BOCA....sair...para dentro deste mundo...este mundo...coisa


pequenininha... antes do tempo... em um miseráv... o quê?... menina?...
sim... menina pequenininha...neste... sair para entrar neste... antes de seu
tempo... buraco miserável chamado...chamado...não importa...pais
desconhecidos...não se ouviu (falar) deles... ele tendo desaparecido...
evaporou... mal abotoou as calças ... ela do mesmo modo...oito meses
depois...quase num instante... logo sem amor... poupado... sem amor como
o expressado normalmente ao... bebê sem fala... no lar... sem... nem, de
fato, por essa razão, qualquer um, de qualquer tipo... sem amor de qualquer
tipo... em qualquer fase subseqüente... um caso tão típico... nada notado até
chegar aos sessenta quando — ... o quê?... setenta?... bom Deus!...
chegando aos setenta... vagueando num campo... andando à toa à procura
de primaveras... fazer uma bola... alguns passos e então parar... olhar o
espaço... então seguir... um pouco mais... parar e olhar de novo... e assim
por diante... andando sem rumo... quando de repente... gradualmente...
tudo se foi... tudo naquela luz matinal de abril... e ela se viu no — ... o
quê?... quem?... não!.. ela!... [Pausa e movimentoI.]...viu-se no escuro... e
se não exatamente...sem vida... sem vida... pois ela ainda podia ouvir o
zumbido... assim chamado... nos ouvidos... e um raio de luz vinha e ia...
vinha e ia... como a luz da lua ... oscilando...para dentro e fora da nuvem...
mas tão entorpecida... sentindo... sentindo-se tão entorpecida... ela não
sabia... em que posição estava... imagine!... em que posição ela estava!...
se de pé... ou sentada... mas o cérebro—... o quê?... ajoelhada?... sim... se
de pé... ou sentada... ou ajoelhada... mas o cérebro—... o quê?... deitada?...
sim... se de pé... ou sentada... ou ajoelhada... ou deitada... mas o cérebro
ainda... ainda... de certa forma... pois seu primeiro pensamento foi... ah
muito depois... lembrança repentina... criada como ela foi para acreditar...
com os outros abandonados... em um Deus... [Risada.]...misericordioso
[Gargalhada]... seu primeiro pensamento foi... ah muito depois...
lembrança repentina... ela estava sendo punida... pois seus pecados...

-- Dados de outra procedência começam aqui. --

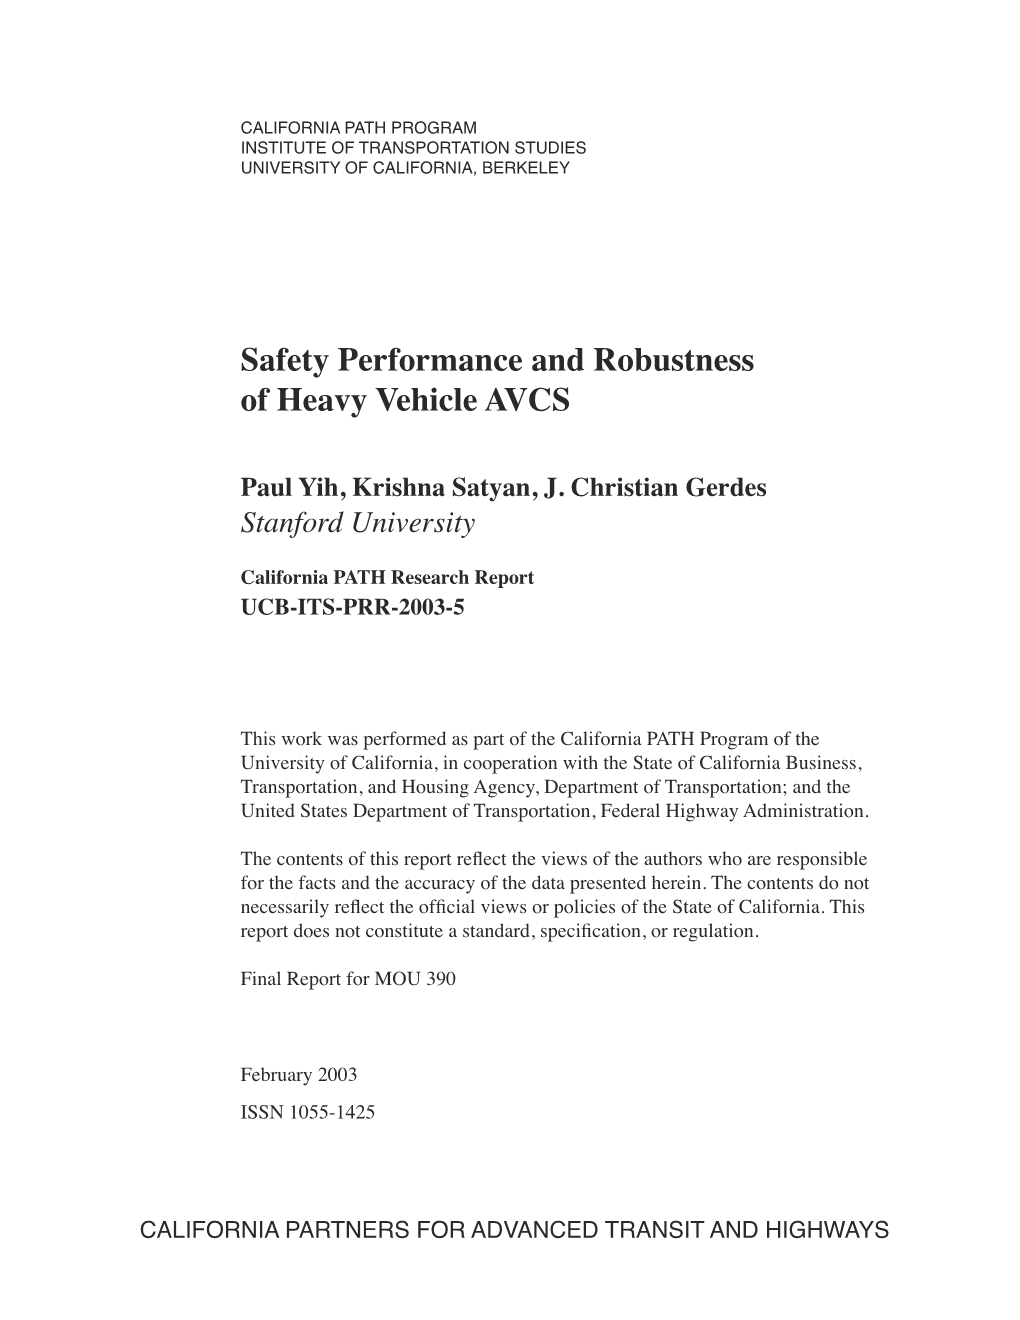 Safety Performance and Robustness of Heavy Vehicle AVCS

vários dos quais... mais prova se fosse necessária prova... passavam rápido
por sua mente...um atrás do outro... então descartado por serem tolos... ah
muito depois... esse pensamento descartado... quando de repente ela
percebeu... percebeu gradualmente... ela não estava sofrendo... imagine!

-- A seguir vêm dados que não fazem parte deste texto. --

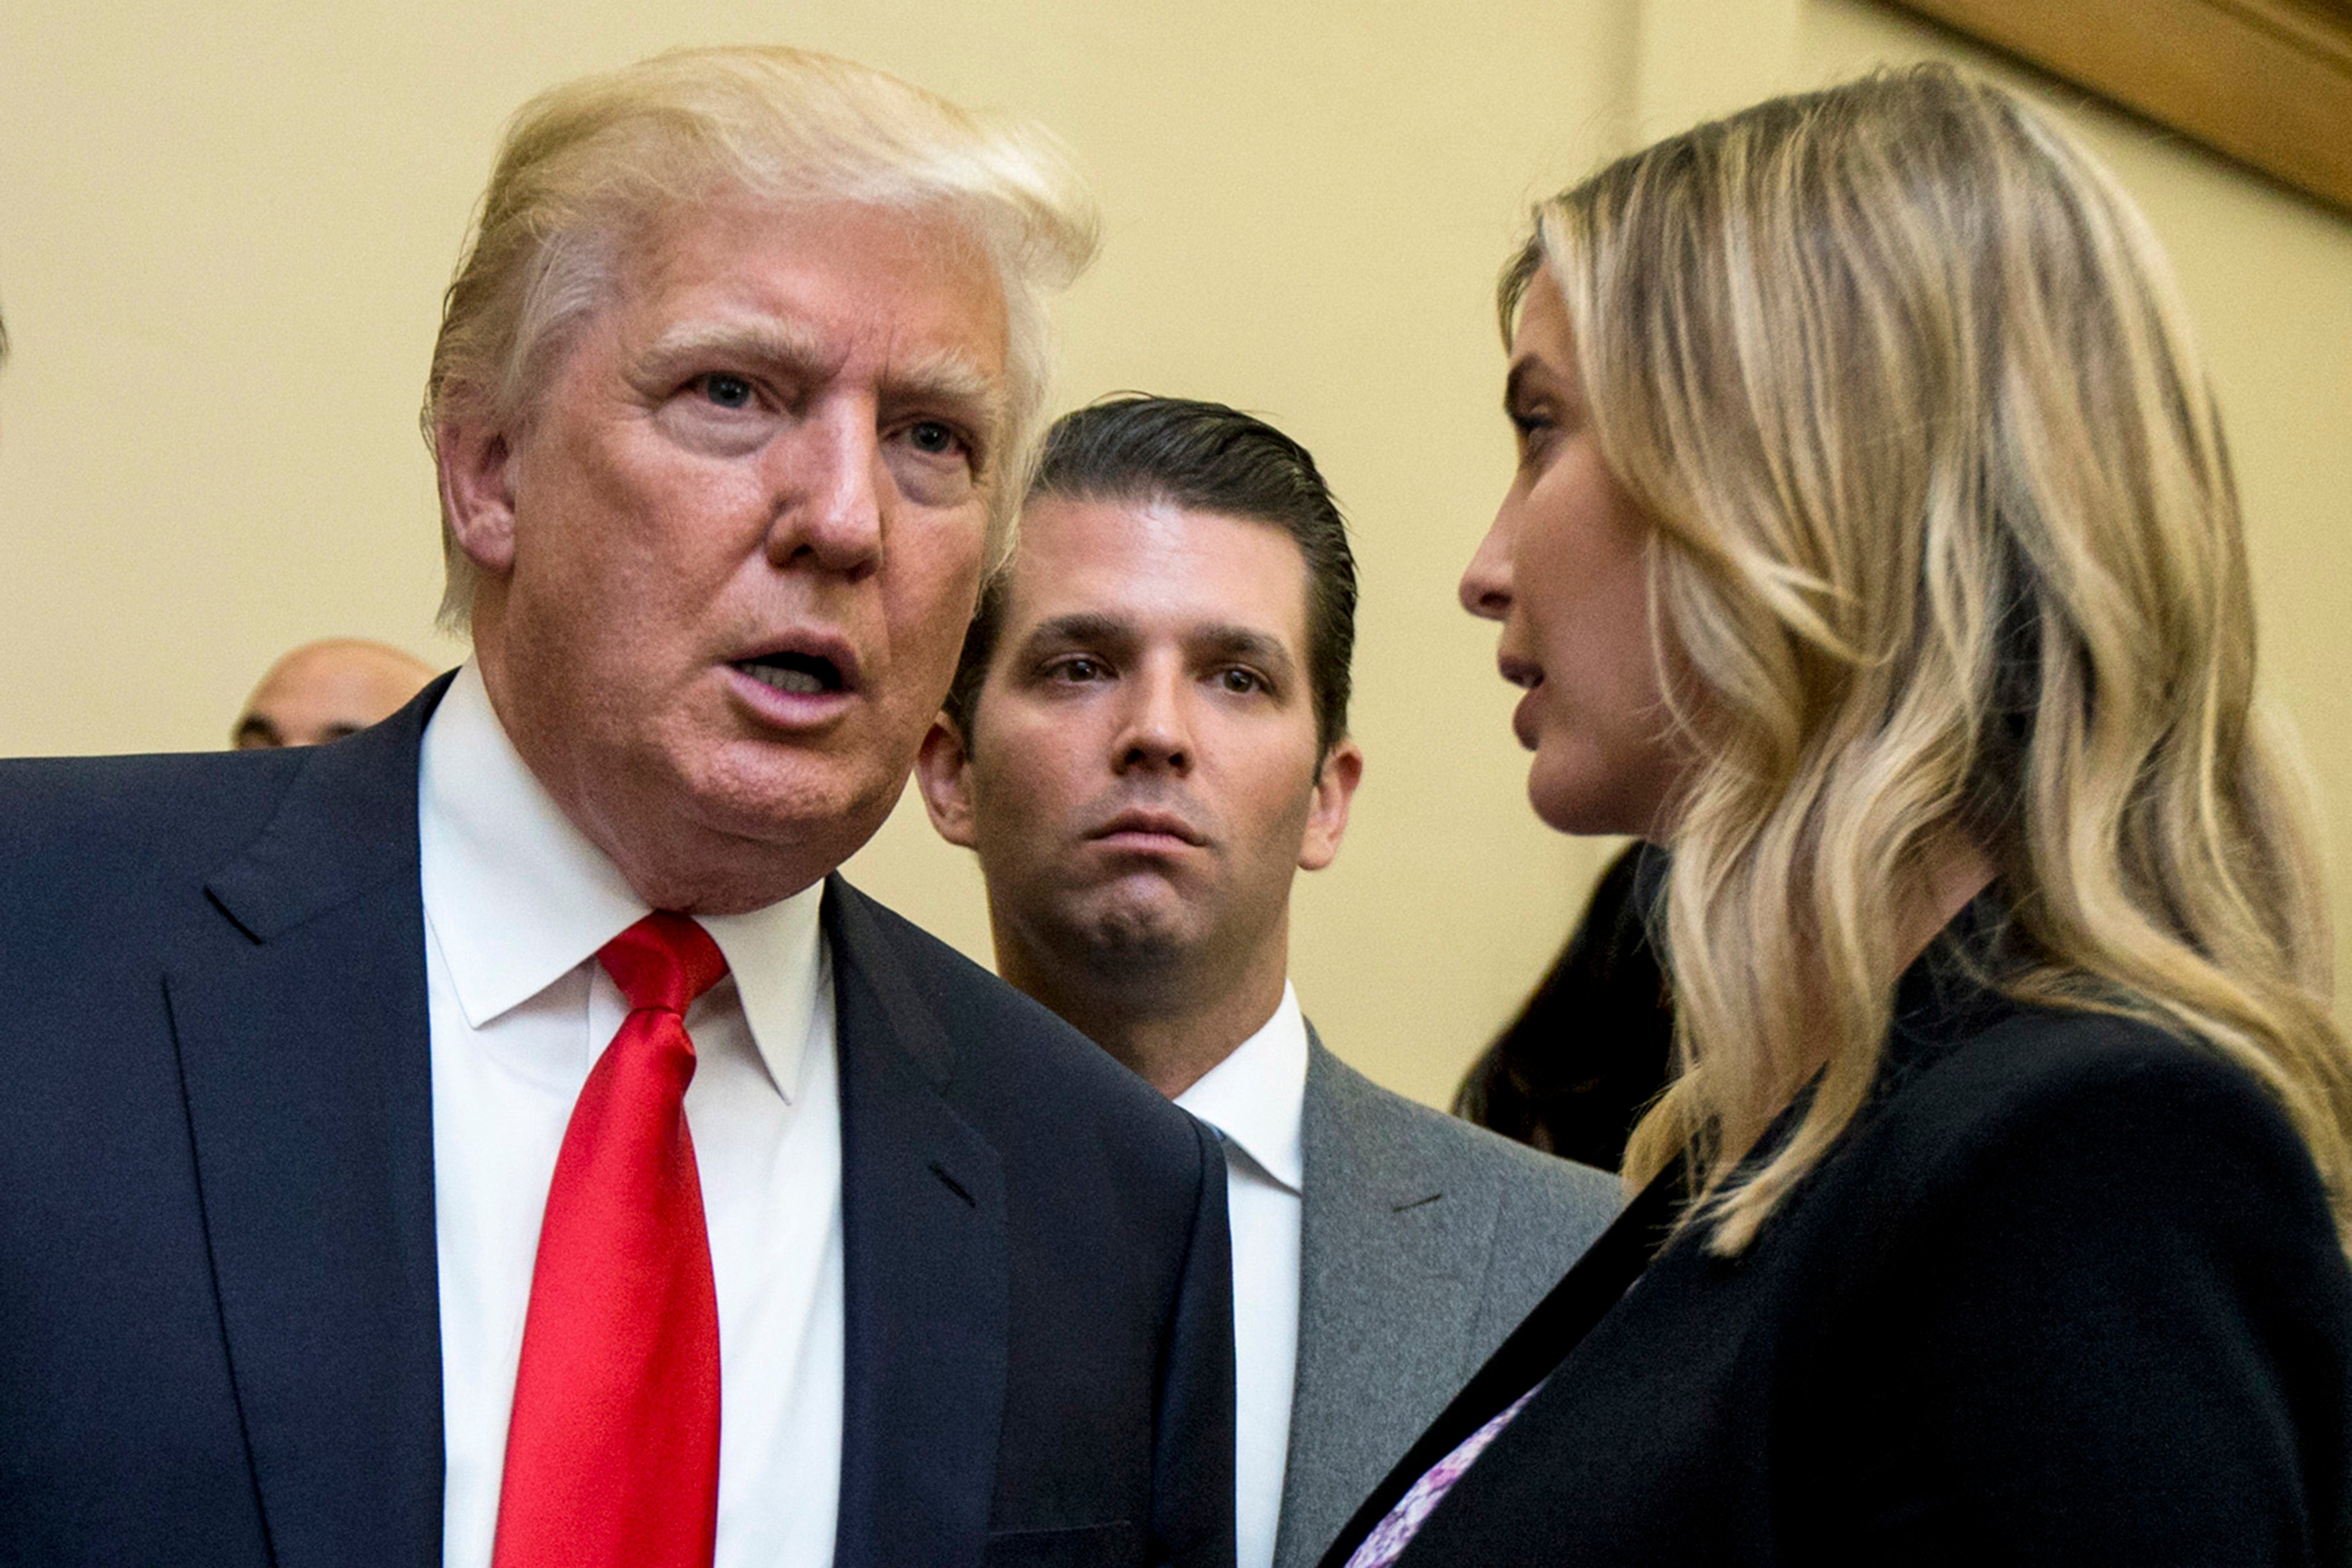 Donald Trump has claimed he asked daughter Ivanka not to be part of his 2024 campaign

...sem sofrimento!...ela não podia mesmo se lembrar... não queria... quando
tinha sofrido menos... a não ser, é claro, que deveria... estar sofrendo...ah!
pensou estar sofrendo...justo na hora estranha ... na vida dela... quando
claramente pretendia estar tendo prazer...de fato ela não estava tendo...o
menor... e nesse caso, é claro... essa noção de punição... por algum pecado
ou outro... ou por todos juntos... ou por nenhuma razão particular... pelo
próprio pecado... coisa que ela entendia perfeitamente... aquela noção de
punição...que lhe ocorreu pela primeira vez... criada para acreditar... como
os outros abandonados... em um Deus... [Risada] misericordioso...
[Gargalhada]... Deus...lhe ocorreu pela primeira vez... então
descartou...como tolice... talvez não fosse tanta tolice... afinal... e assim
ia... tudo aquilo... justificativas vãs... até que outro pensamento... ah, muito
depois... lembrança repentina... muito tola, realmente, mas—... o quê?..o
zumbido?.. sim... o zumbido o tempo todo... assim chamado... nos
ouvidos... embora é claro, realmente... não nos ouvidos de todos... no
crânio... barulho monótono no crânio... e o tempo todo esse raio ou
clarão... como o luar...mas provavelmente não... certamente não... sempre
o mesmo ponto... agora brilhante... agora encoberto... mas sempre o
mesmo ponto... como lua nenhuma podia... não... lua nenhuma...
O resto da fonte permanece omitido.